On Monday, May 25, 2020.
At 7:30 in the morning I woke up and grabbed my phone to silence my alarm as I do most mornings, and did what Dr. Joe Dispenza has said not to do. I allowed my body to be my mind. I allowed myself to be conditioned by an unconscious response…a habit, the past, and I subsequently began to live a life I did not want to live.
This may seem strange to some of you and that is okay as I do not want to coerce anyone to believe something they don’t, but I am presenting this as anecdotal evidence of something that has happened to me that influenced my way of being. Call it what you will, but I would ask that you consider this brief essay as a possibility for change.
As Paul Harvey would say…this is, “the rest of the story.”
When my alarm went off I arose to the sight of the Google Icon on my phone. It was beckoning me to do what I have done on occasions in the past months. I unconsciously clicked the icon and began to read the first story. It was an article written by Michael D’Anotnio about our president’s Memorial Day Activity. While I gave up on politics many years ago, like many other Americans, the current state of our country and the medical crisis around the globe captured my attention…mistake number one!
As I spent several minutes reading, I found myself growing more and more intolerant of my own thoughts. I realized I was stewing about something I had no control over. As I read further my emotions began to tell me it was getting into the unhealthy range.

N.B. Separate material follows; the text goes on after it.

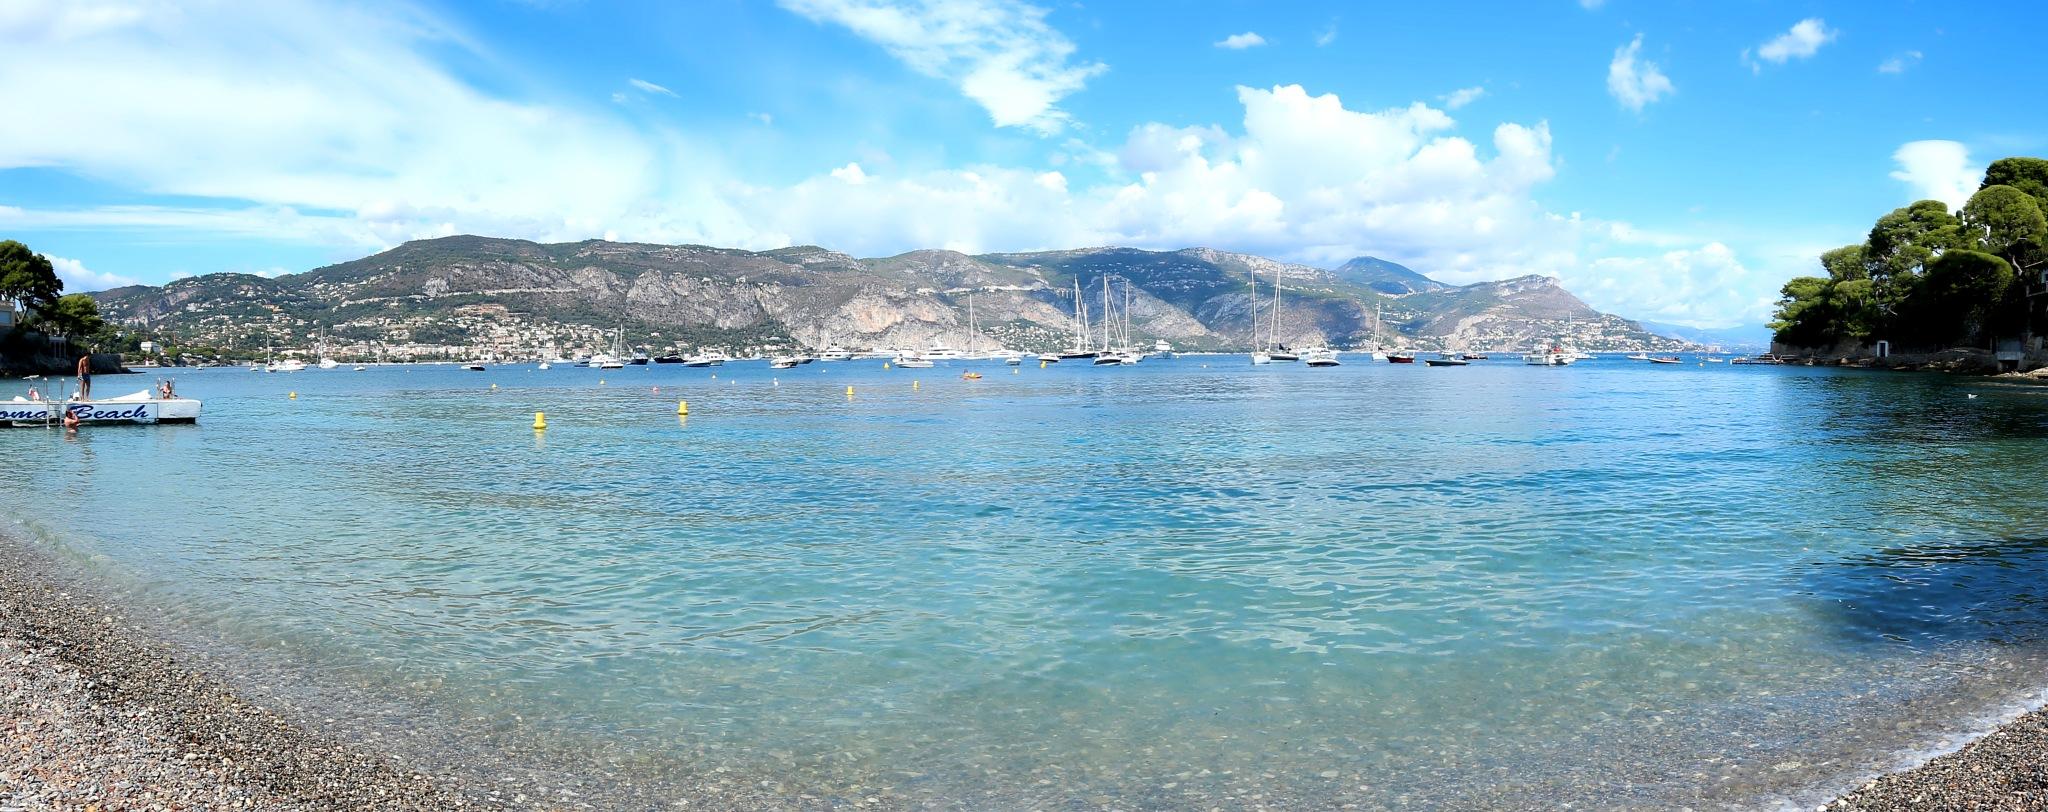 Paloma beach, Saint Jean Cap Ferrat by katze

Recently, I have been working on ideas about what might be possible if I were able to change my thoughts, emotions, and behaviors. That questioning led me to an acronym that seemed to be in alignment with other experts who have stated that in order to change our lives we must change our thinking. The acronym is SOUL. Seat Of Un-Learning.

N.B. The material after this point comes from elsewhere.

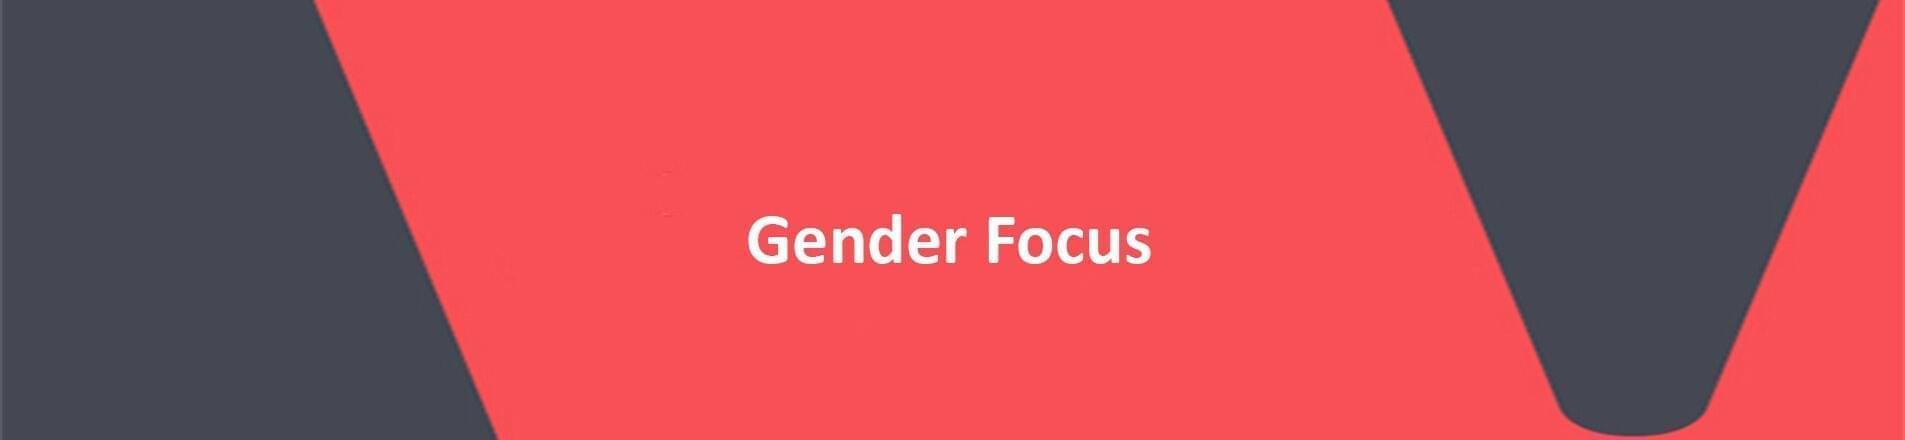 Gender Focus on red VERCIDA bakground

I have a practice of collaboratively learning with others particularly in the area of self-examination, self-improvement, conscious thought, and peace. What I have struggled with over the past several months is the apparent (my projection) deepening of the divide among the peoples of our country and the global community in which we live. I have been disheartened by the prospects of a growing undercurrent of anger and the subsequent hatred it foments. The differing opinions portrayed in the media as to where we are in all of this, how we got here, and how we’ll proceed cause me to perceive a growing distrust for people who do not see things in life the way I do and vice versa.
I recently traveled 4,000 miles across the USA and back in an RV during the lockdown and I have to say that almost all of the people I met were friendly. I also noticed an underlying tension depending on whether people were or were not wearing masks or using some form of social distancing. I also noticed, as did my partner, signs that were provocatively promoting political views that I believe would cause further dissension, unrest, and fear. This was not the America in which I wanted to live.
So what this morning's events led me to conclude was that if I wanted to learn something new, to be someone different than who I was, I was first going to have to Un-Learn how I habitually felt, thought, and acted. Now was the time to re-enter living from my SOUL.
I don’t want to wake up in the morning reading articles that initiate a stream of thinking that promotes feelings of insecurity, fear, and unrest. I would much prefer that my waking hours be productive, spontaneously joyful, and beneficial to myself and all of humanity. I want to be able to smile at my neighbors without worry that, potentially, there will be a day where we are driven into conflict over meaningless trivialities prompted by the beliefs of others who are using us to perpetuate their own incivility.
I know that whenever I have difficulty with a relationship with anyone else that difficulty begins with me. So this morning I began to Un-Learn the conditioning of my past. I sensed my emotions, thought about the implications of my actions if I followed through with them, and I imagined how I might think, feel, and act differently.
I began to ask myself this question: What would happen if today, instead of following an unproductive speculative path of divisive rhetoric or commentary, some of which is conditioned by my past, I began to think in terms of something that I could do to support the kind of peaceful, unified community in which I wanted to live. What if I began to encourage, inspire, and empower others simply by being and doing something different myself? I wasn’t sure if it would work, but the intention seemed to be worth the effort.
So, here it is…that something different. The act of loving instead of hating. the act of unlearning what I had learned. I have witnessed dramatic changes in people who decided that the status quo was unacceptable. They created, as I did, new neural pathways. They chose to believe there was a new possibility for them, and those they loved.
Sometimes standing up for what I believe in might be counterproductive if what I believe in doesn’t serve the greater good. If what I believe in only serves me, it’s time to change. I have no desire to be a lemming. I choose instead to un-learn the habits of the past. I commit to examining what’s in my heart , visualizing its extension into the world and asking , does this invite — real peace, real freedom, real choice, and if so , am I willing to change?
So what must you Un-Learn? What is the good news in your life?